Sınıfta ve evde Montessorı birbirinden farklı. Hatta materyal diye tutuştuğumuz son zamanlarda ev için lüx olduğunu , çok pahalı olduklarını, evde sadece bir çocuğun faydalandığını okulda ise 15 çocuğun faydalandığından bahsetti.
Duyu Materyalleri Köşesi: Koklama- dokunma- işitme -tat alma- görme

Kulplu silindirler, pembe kule, kahverengi basamaklar, kırmızı çubuklar, geometrik çekmeceler, çanlar (zil), tat şişeleri, yaratıcı üçgenler, binomik ve trinomik küpler. (trinomik küple ilgili 3 kralın masalı var.)
Günlük yaşam materyalleri: transfer, paylaştırma, evdeki günlük işler ( çamaşır asmak, katlamak, toz almak gibi.) Ellerimizle kavrıyoruz, çalşıyoruz. Bu nedenle eller çok önemli.
Su ile aktarma çalışmaları, çocuklara hem terapi oluyor hemde keyif veriyor.
Renk karışımları, ana renkler ve ara renkleri oluşturma.
Yiyecek hazırlama ve servis yapmak sosyalleşmeyi destekliyor.

Matematik Materyalleri:
En temel özellikleri soyut kavramları somutlaştırmak. Kırmızı mavi sayı çubukları, sayı kartları, boncuk dizileri, zımpara rakamlar. Bu rakamların yazılışı iki parmakla (işaret ve orta parmak)  dokunularak kavranacak.

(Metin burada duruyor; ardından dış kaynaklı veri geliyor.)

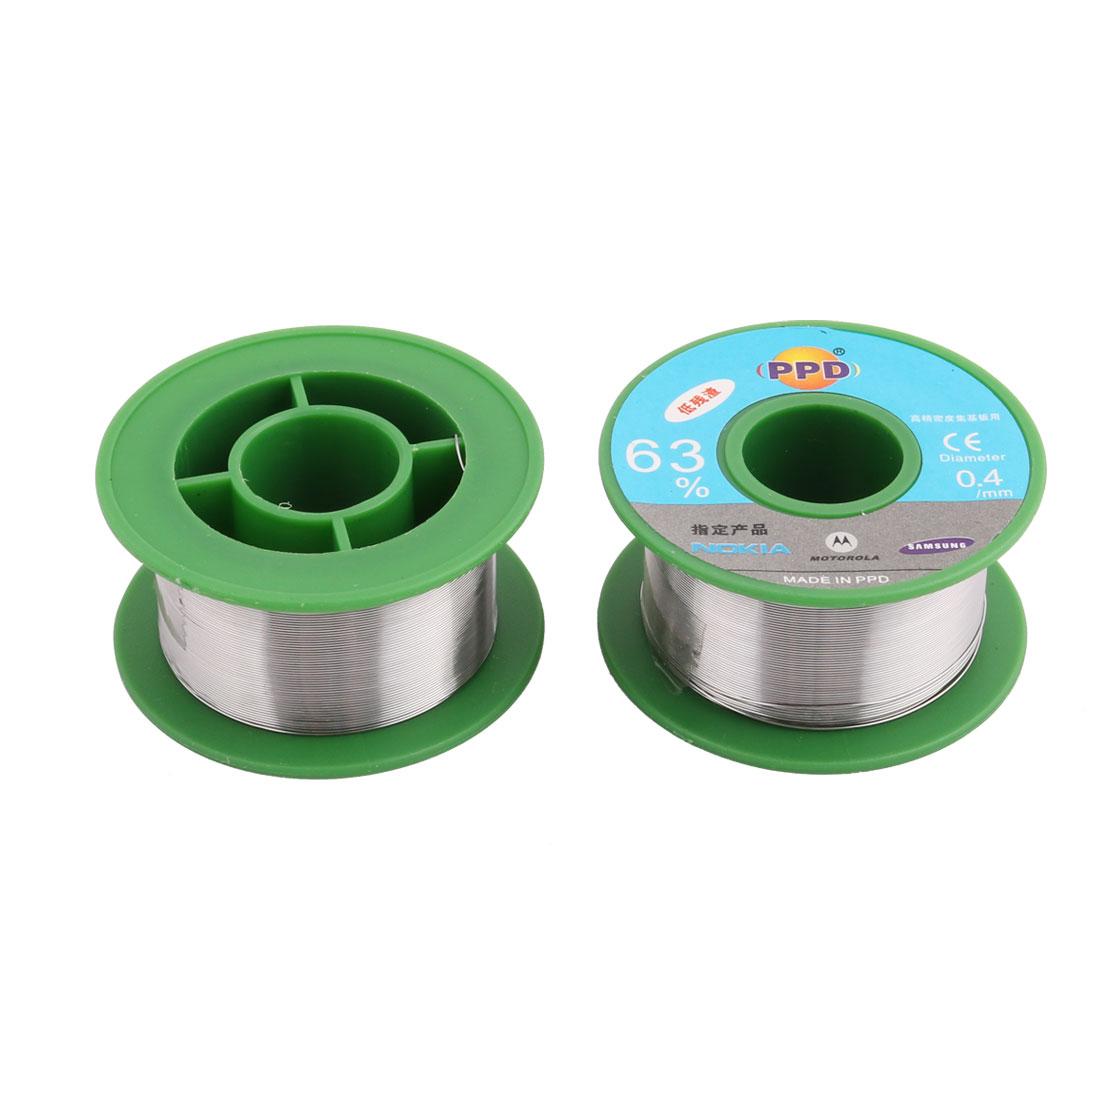 2Pcs 0.4mm Diameter 63/37 Tin  Welding Soldering Solder Wire Rosin Core Reel

Sınıfta el yıkamaya ilk önce leğende başlıyorlar. Sonra lavobada yıkıyorlar. Leğende elleri kirli olduğunda sabunun kesildiğini görüp, olayı somut olarak algılıyorlar.

Dil Materyalleri: Yazılı ve sesli çalışmalar olmak üzere ikiye ayrılır. El çalışmaları, ses ve harf oyunları.

Ben ellerimle calısır, uygulayarak öğrenirim.
Duyduğumu unutur, yaptığımı hatırlarım.